If two balls are selected randomly without replacement four a bag containing 4 red and 8 green balls. List the element of the sample space corresponding probabilities.
do you want something like this ?
RR --> (4/12)(3/11) = 1/11
RG --> (4/12)(8/11) = 8/33
GR --> (8/12)(4/11) = 8/33
GG --> (8/12)(7/11) = 14/33
note that 1/11 + 8/33 + 8/33 + 14/33 = 1
To find the sample space and corresponding probabilities for selecting two balls randomly without replacement from the bag containing 4 red and 8 green balls, we can use the method of combinations.
First, let's determine the number of ways to choose 2 balls from a total of 12 (4 red + 8 green) balls:
nCr = 12C2
= 12! / (2! * (12-2)!)
= 66
Now, let's list out all the possible outcomes:
1. Selecting 2 red balls:
- RR
2. Selecting 1 red and 1 green ball:
- RG
- GR
3. Selecting 2 green balls:
- GG
The sample space consists of these possible outcomes.

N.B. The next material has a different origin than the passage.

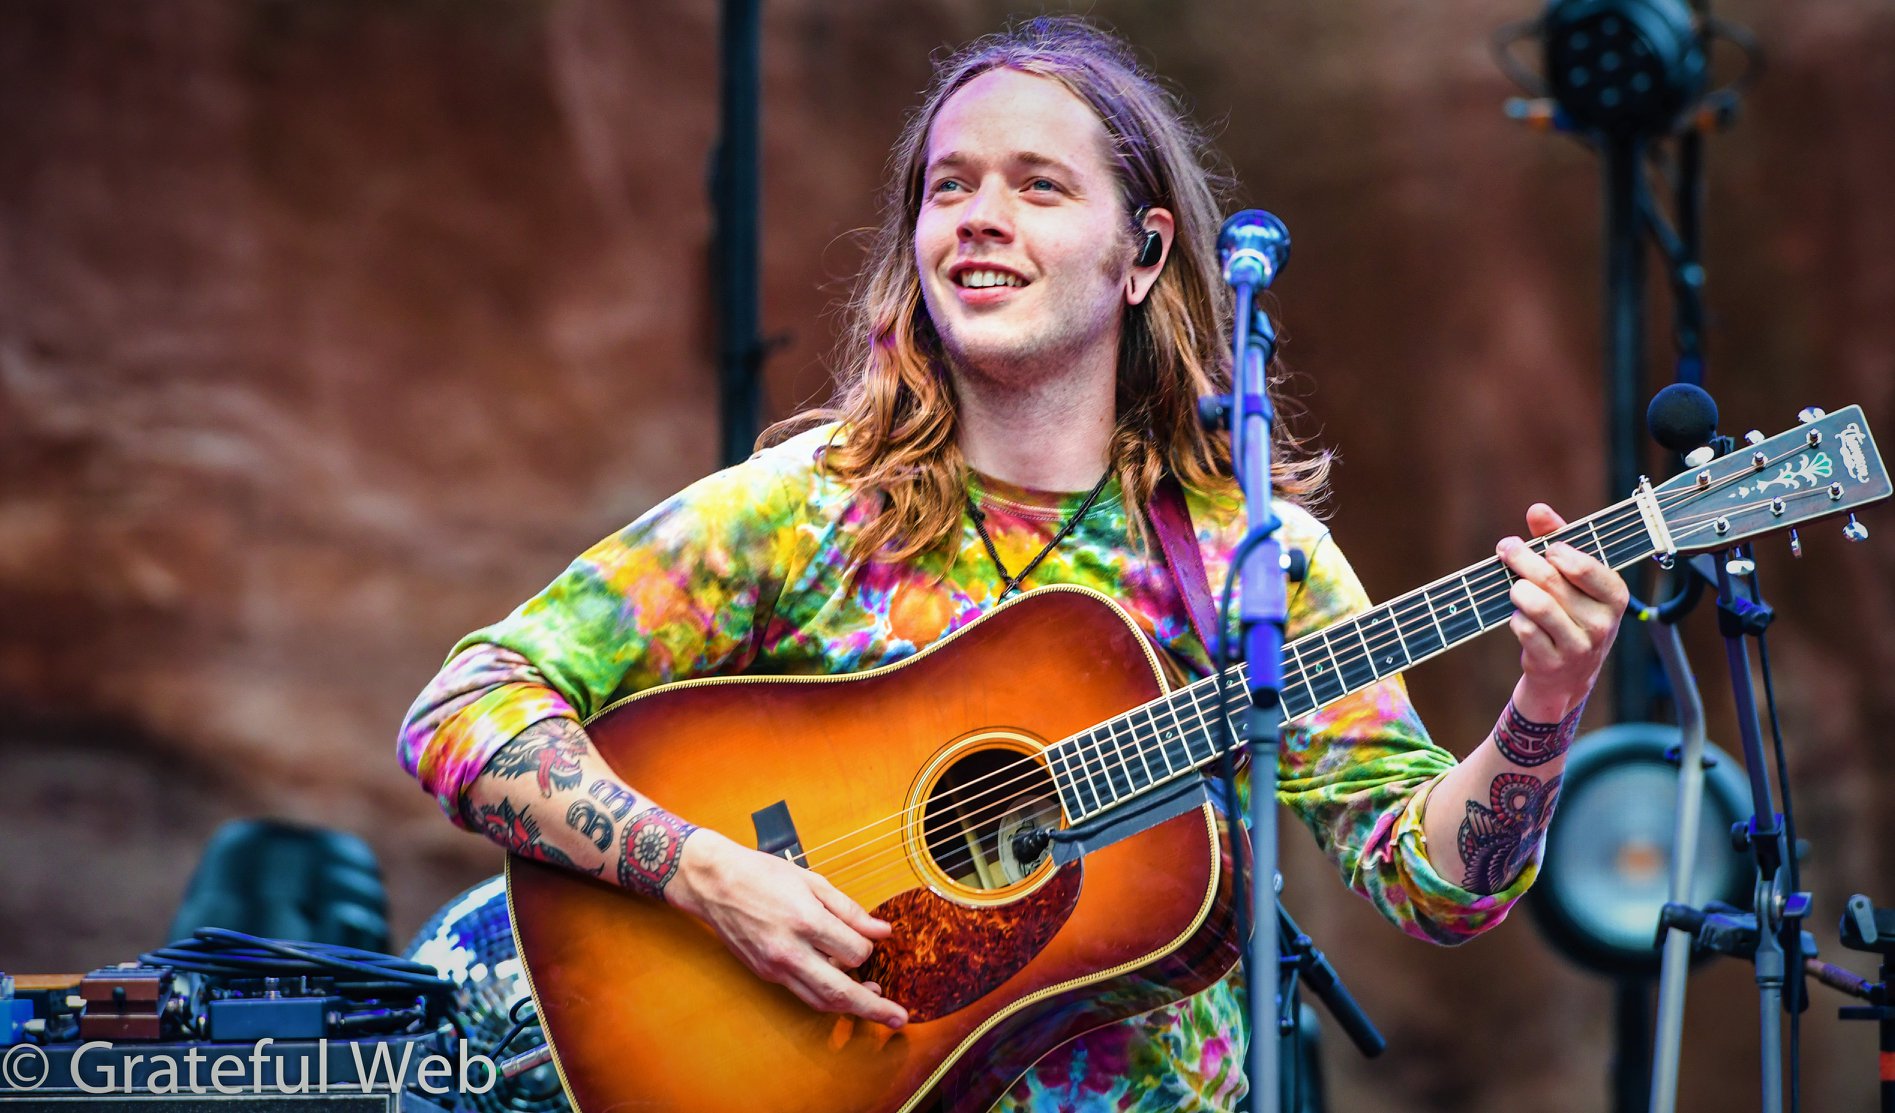 Billy Strings nominated for Best Bluegrass Album and Best American Roots Performance at 64th GRAMMY Awards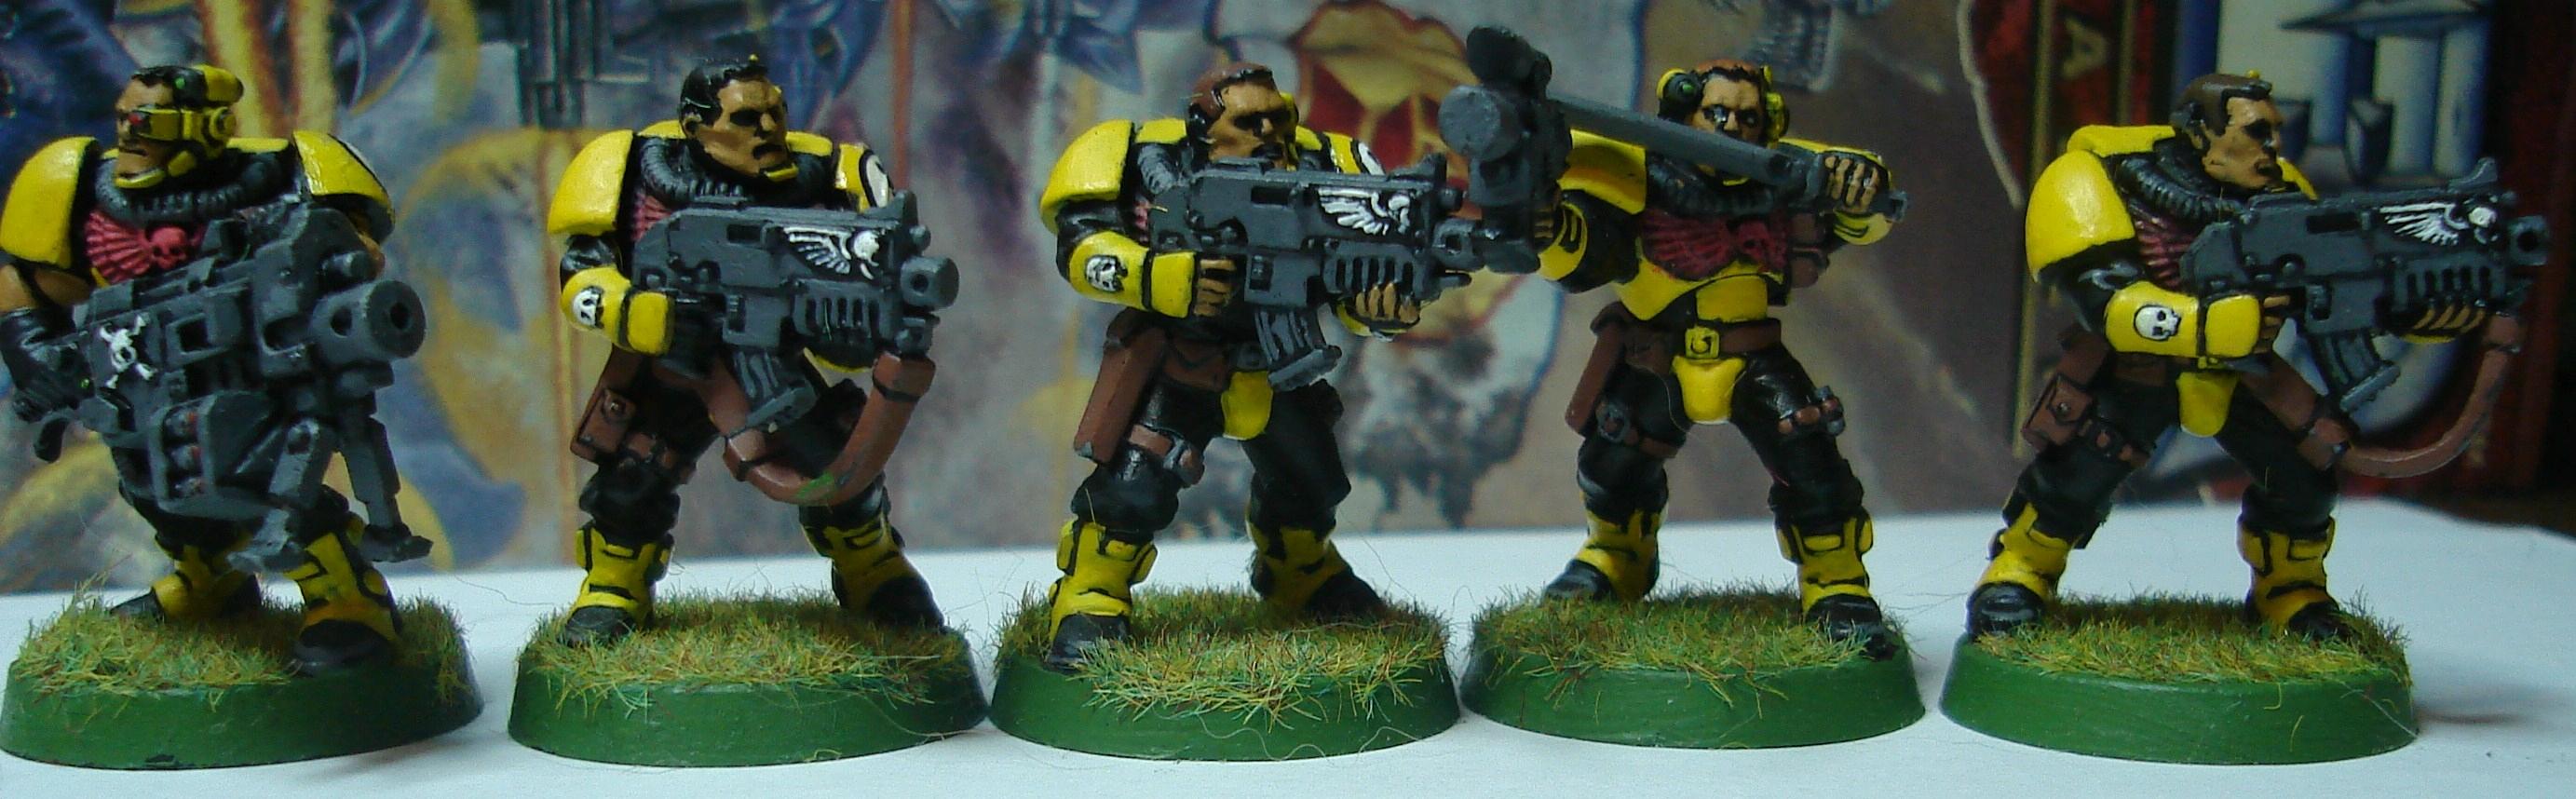 Imperial Fists, Scouts, Space Marines

Next, let's calculate the probability for each outcome:
1. Probability of selecting 2 red balls:
- P(RR) = (4/12) * (3/11) = 12/132 = 1/11
2. Probability of selecting 1 red and 1 green ball:
- P(RG) = (4/12) * (8/11) = 32/132 = 8/33
- P(GR) = (8/12) * (4/11) = 32/132 = 8/33
3. Probability of selecting 2 green balls:
- P(GG) = (8/12) * (7/11) = 56/132 = 14/33
So, the sample space corresponding to each outcome and their probabilities are:
1. RR, P(RR) = 1/11
2. RG, P(RG) = 8/33
3. GR, P(GR) = 8/33
4. GG, P(GG) = 14/33
To find the sample space and corresponding probabilities, we need to consider all the possible outcomes of selecting two balls from a bag containing 4 red and 8 green balls. Since we are selecting balls without replacement, the number of balls to choose from reduces after each selection.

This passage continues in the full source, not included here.